The Wife of Bath is a woman of excesses even in marriage, since she has already had five husbands. The narrator parodizes the figure of the woman when he says "She had been respectable throughout her life" and even when he tells the reader that all her weddings had been religious ones ("married in church"). He seems to suggest that as a man there is high rosk to court her. Irony is underlined also when the narrator reinforces the woman's worldly attitude adding " not counting other company in youth". The narrator concludes his chatacterizations about the Wife's reputation saying that there is not even need to discuss about her behaviour.

The characterization makes now reference to the woman's passion for travelling: she seems to be continually moving around the world, considered that she has been in Jerusalem, Rome Boulogne, Santiago and Cologne, all places connected to the idea of religion in that they are all sights of pilgrimage. But no such spiritual bent comes out of Chaucer's lines as for the Wife's spirituality and therefore the intelligent reader may rightly suppose she has exchanged religious sights for touristic resorts. The insistance in cataloguing pilgrimage aights adds to the narrator's irony, because it sounds rather improbable that a still young woman of the period could have visited all those places.

The Wife's desire to talk and to talk with men in particular comes immediately to surface at line 469, when the narrator plays on her pleasure to tell of her wandering. The narrator does not hide the double-faced nature of the woman's behaviour, since he metaphorically parodizes the way she sits on a horse. She looks more as a trophy. In addition the narrator focuses the reader's attention on her exaggerated style of dressing even on a horse.
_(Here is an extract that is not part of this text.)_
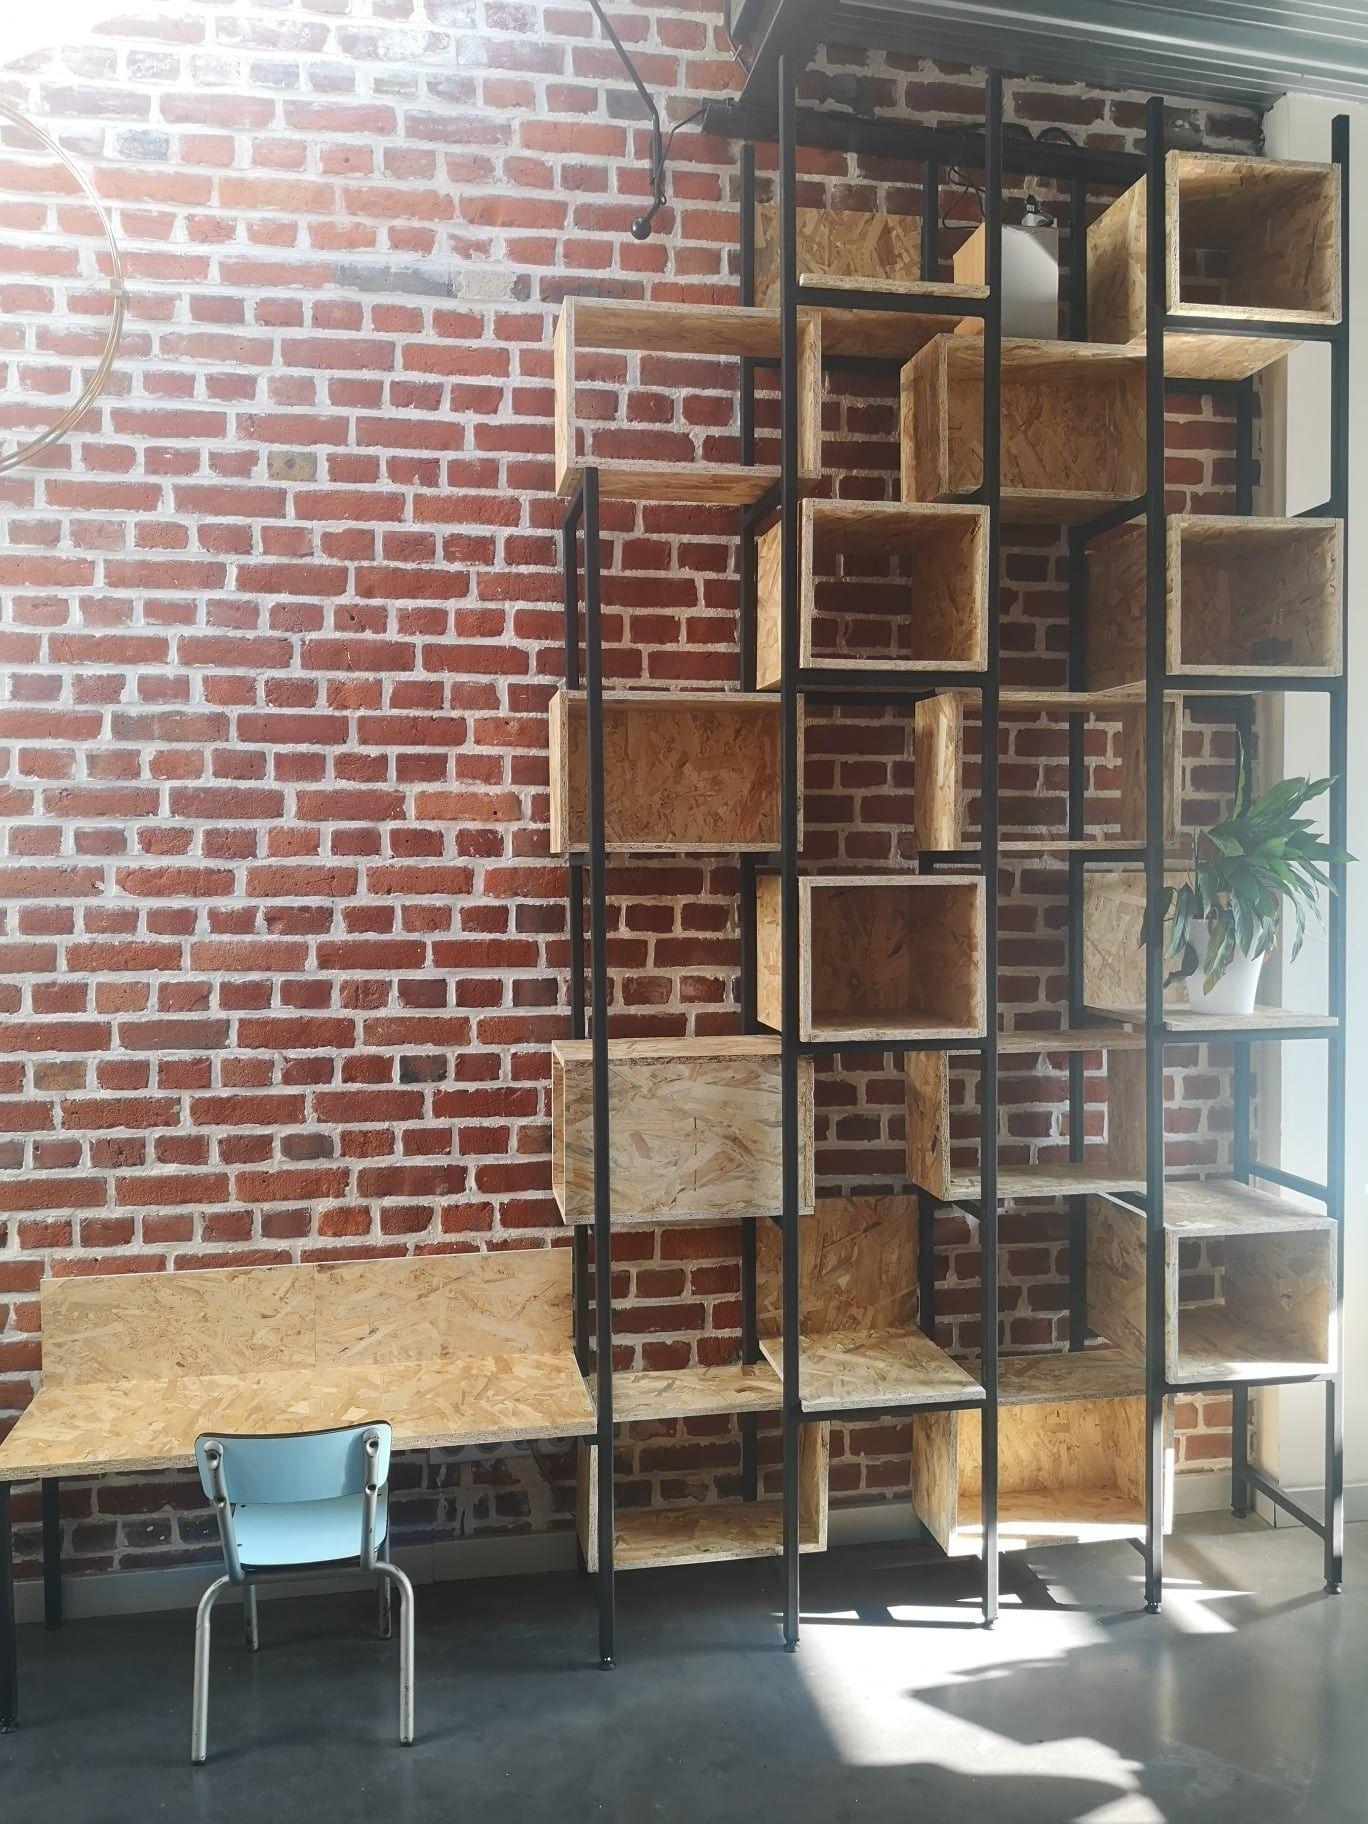 #bibliothèque #homemade #osb #metal #industriel #decorationinterieur #deco #briques

He seems to ridicule the woman openly in lines 472-473 once again, reiforcing the idea he had hinted out at line 407, focusing on her being "gap-toothed".

The characterization ends highlighting all of the woman's wise attitude in giving advice on love matters and the conclusion sticks in the intelligent reader's mind because Chaucer plays on repetitive double senses to let the reader know the Wife of Bath is not at all the respectable woman she professes to be.

After a careful reading activity of the Wife of Bath's characterization one can rightly assert that in order to make the character memorable the poet plays with different literary devices that range from the intentionally use of the rhyming couplet to the use of a metaphorical language to indirectly unveil aspects of the woman's personality that were not openly acceptedduring the middle ages. Indeed the Wife of Bath seems to exhibit all the features that would make men be afraid of women with straight forward manners. In Chaucer's opinion, such a woman from Bath was clearly an object of desire that he rather portraises as a toil of pleasure.

Surely she did not at all represent the kind of woman approved by the mentality of that time: her gap-toothed quality, her "buttocks large", her skill in the "old dance" make her a memorable character.